En son Champs Elsysées’de bir polise silah çekilmesi gibi olayların ise otel rezervasyonlarını pek fazla etkilemediği görülüyor. Grand Luxury’nin ortak kurucusu Rouslan Lartisien, “üzücü bir durum olsa da insanlar bu yeni gerçeği kabullendiler ve seyahat etmeyi sürdürüyorlar” diyor.

Four Seasons Hotel George V Genel Müdürü José Silva, 2016 yılında beş yıldızlı otellerdeki konaklamalarda 20-30 puanlık düşüşün kapasiteyle açıklanabileceğini, sektörün bunun etkilerini yeni yeni görmeye başladığını söylüyor. “Bir otel açıldığında genellikle bir diğeri restorasyon için kapalı olurdu. İlk defa hepimiz iş için aynı zamanda açığız” diyerek sözlerini sürdürüyor. Yine de bu durum, otelin yepyeni bir spa’ya (2018 yılında açılacak) 50 milyon dolar yatırım yapmasını ve süitleri devamlı yenilemesini engellememiş: “İyi olan oteller oda fiyatlarında indirime gitmiyor; yeniden yatırım yapıyor.”
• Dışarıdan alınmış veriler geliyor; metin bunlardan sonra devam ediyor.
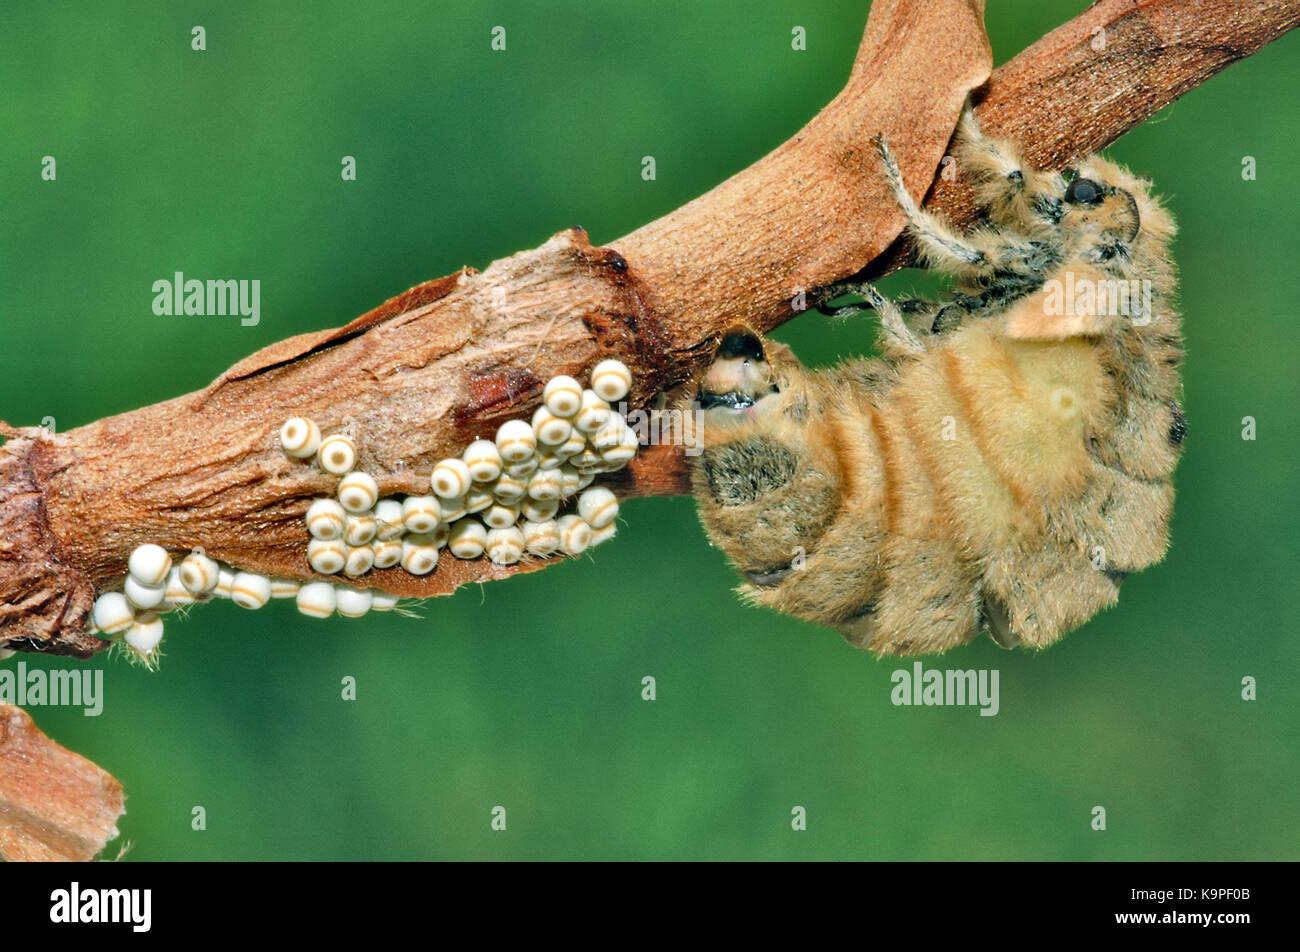 Vapourer moth (Orgyia antiqua) flightless female laying eggs - Stock Image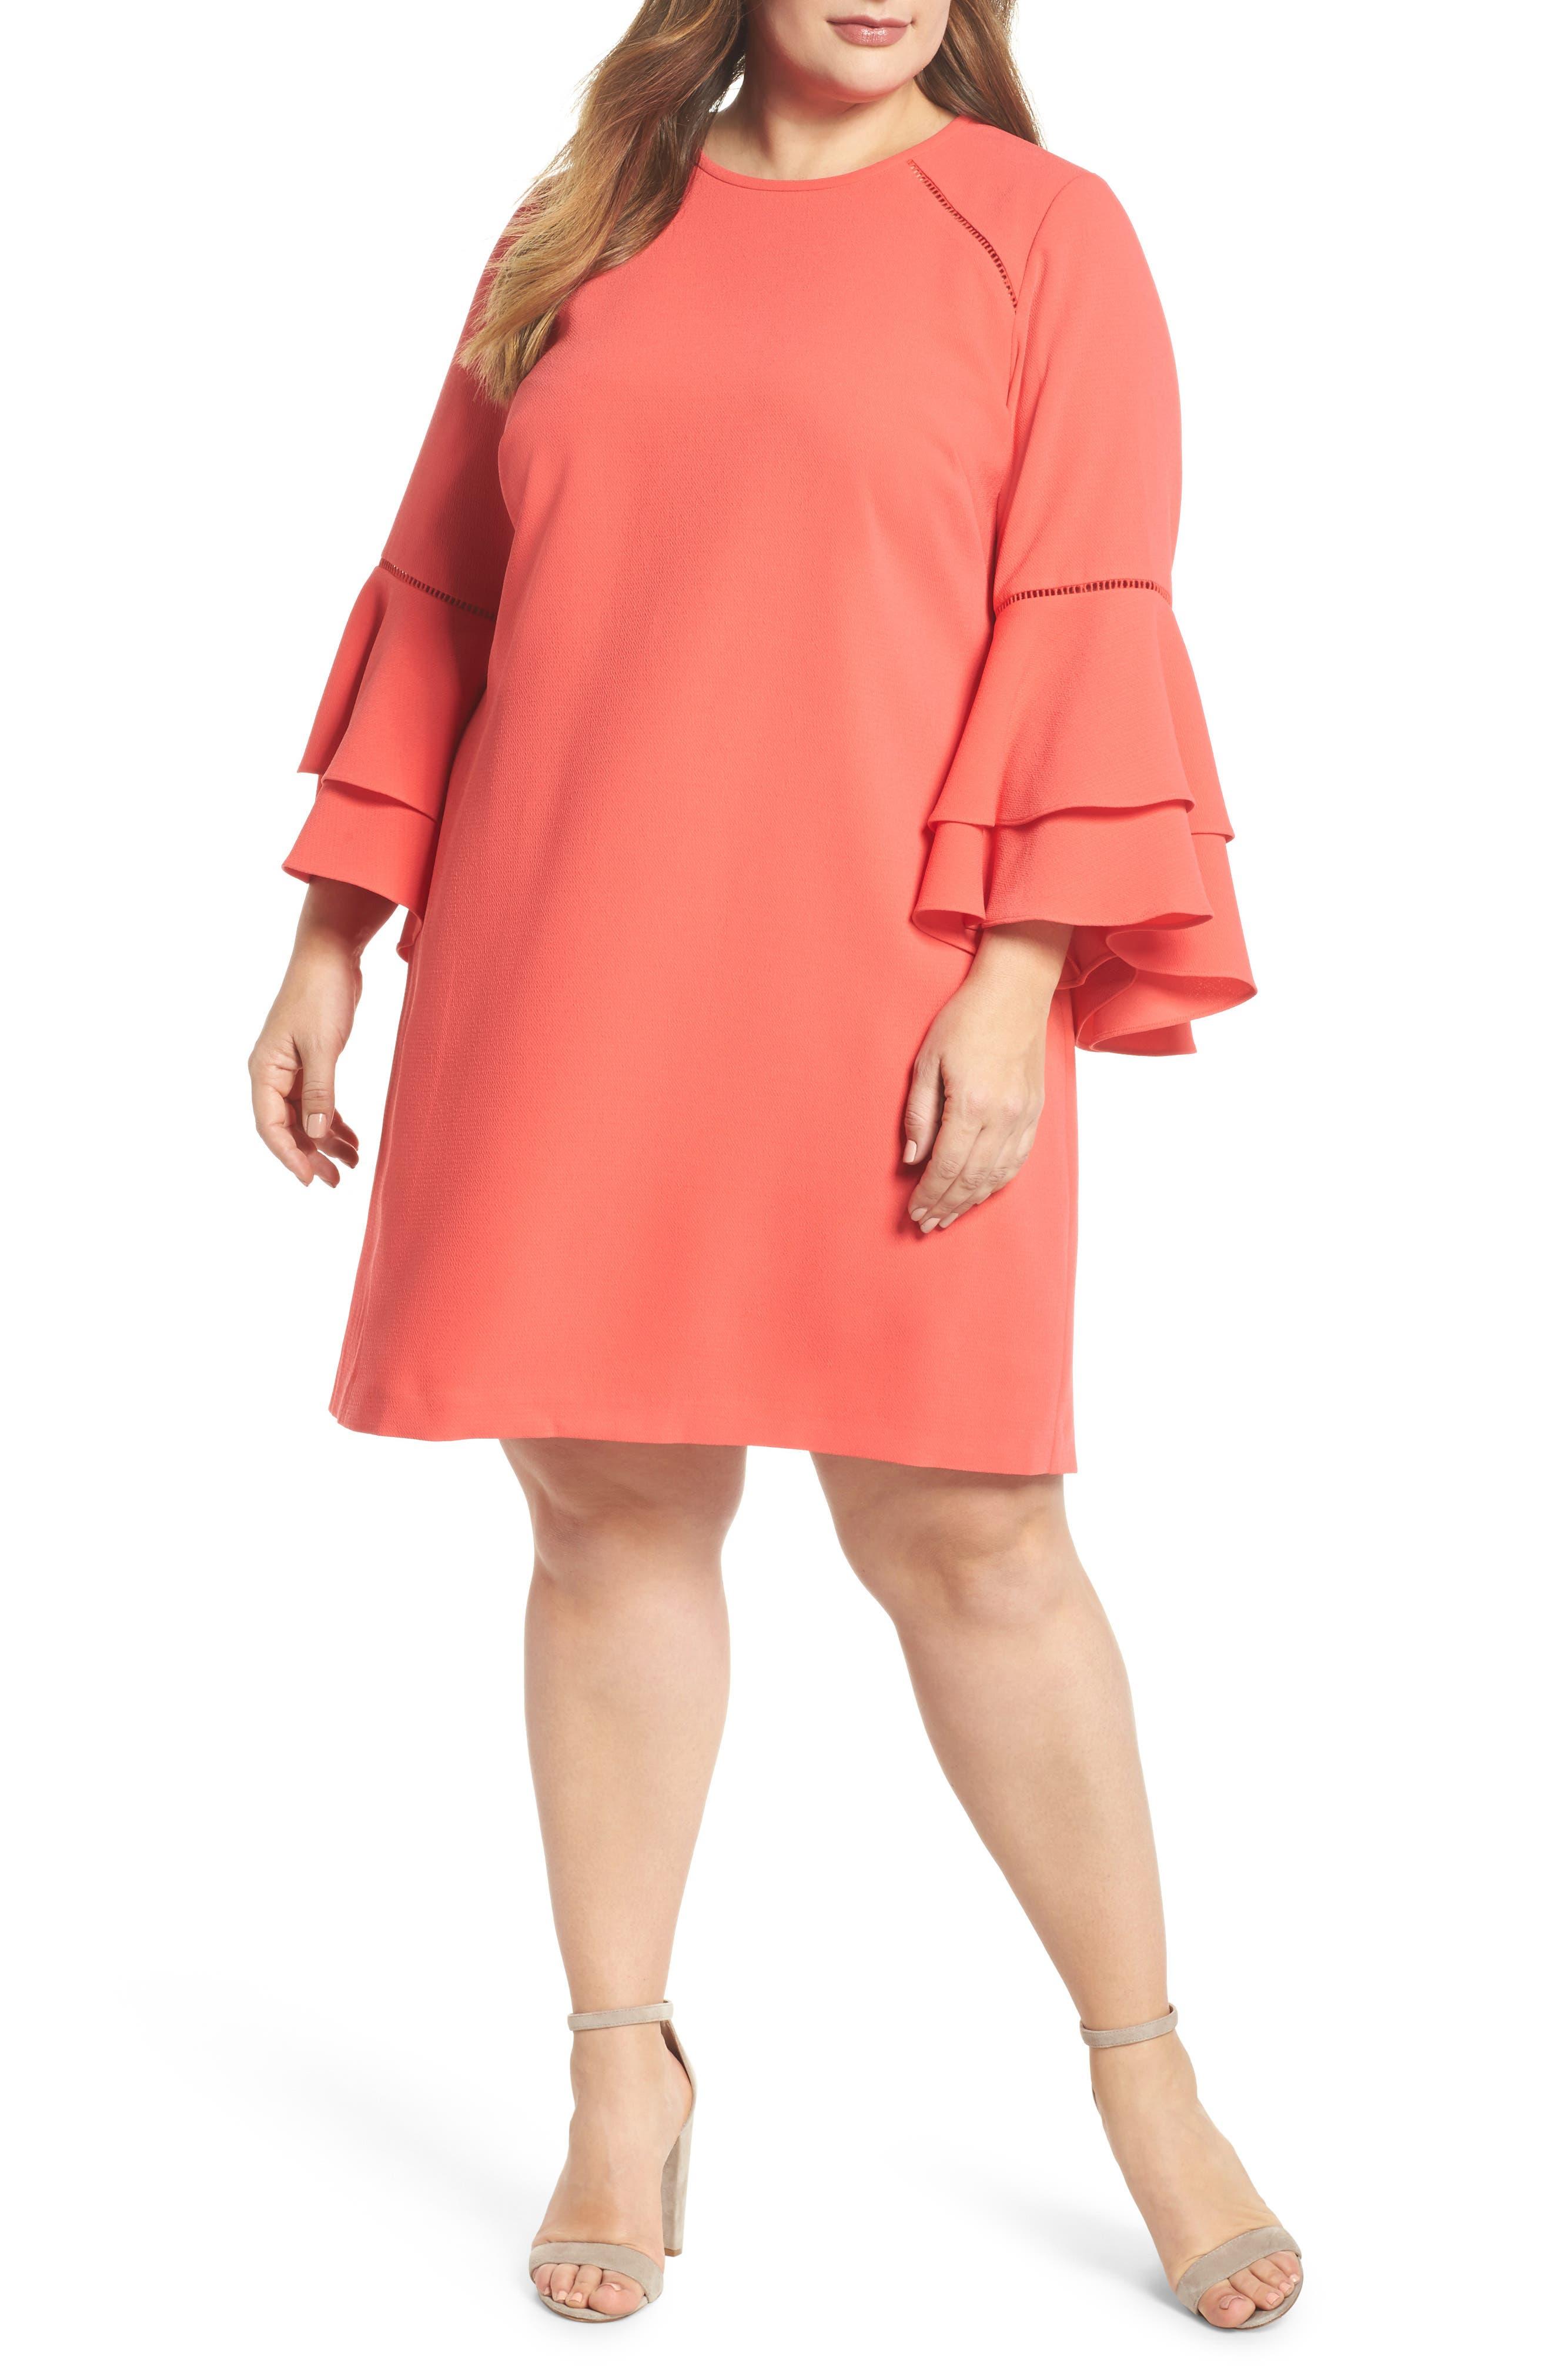 Alternate Image 1 Selected - Chelsea28 Ruffle Bell Sleeve Shift Dress (Plus Size)

Sonuç olarak, ister efsanevi mülklerin yeniden açılması ister Cumhurbaşkanı Emmanuel Macron’un seçilmesiyle popülizmin yayılmasının önüne set çekilmesi olsun, sermayenin imajında ve turizmde yeni bir sıçrama söz konusu. Rekabet her zamankinden daha çetin ancak Paris tutkusu iş için bulunmaz bir nimet. La Réserve’den Le Calvez, “Fransa küllerinden yeniden doğabilme kapasitesine sahiptir” diyor. “’Macron etkisi’ devam eder ve Paris 2024 Olimpiyat Oyunları’na ev sahipliği yapma hakkını kazanırsa, kent gelecek yıldan itibaren yeniden zirveye yerleşecek.”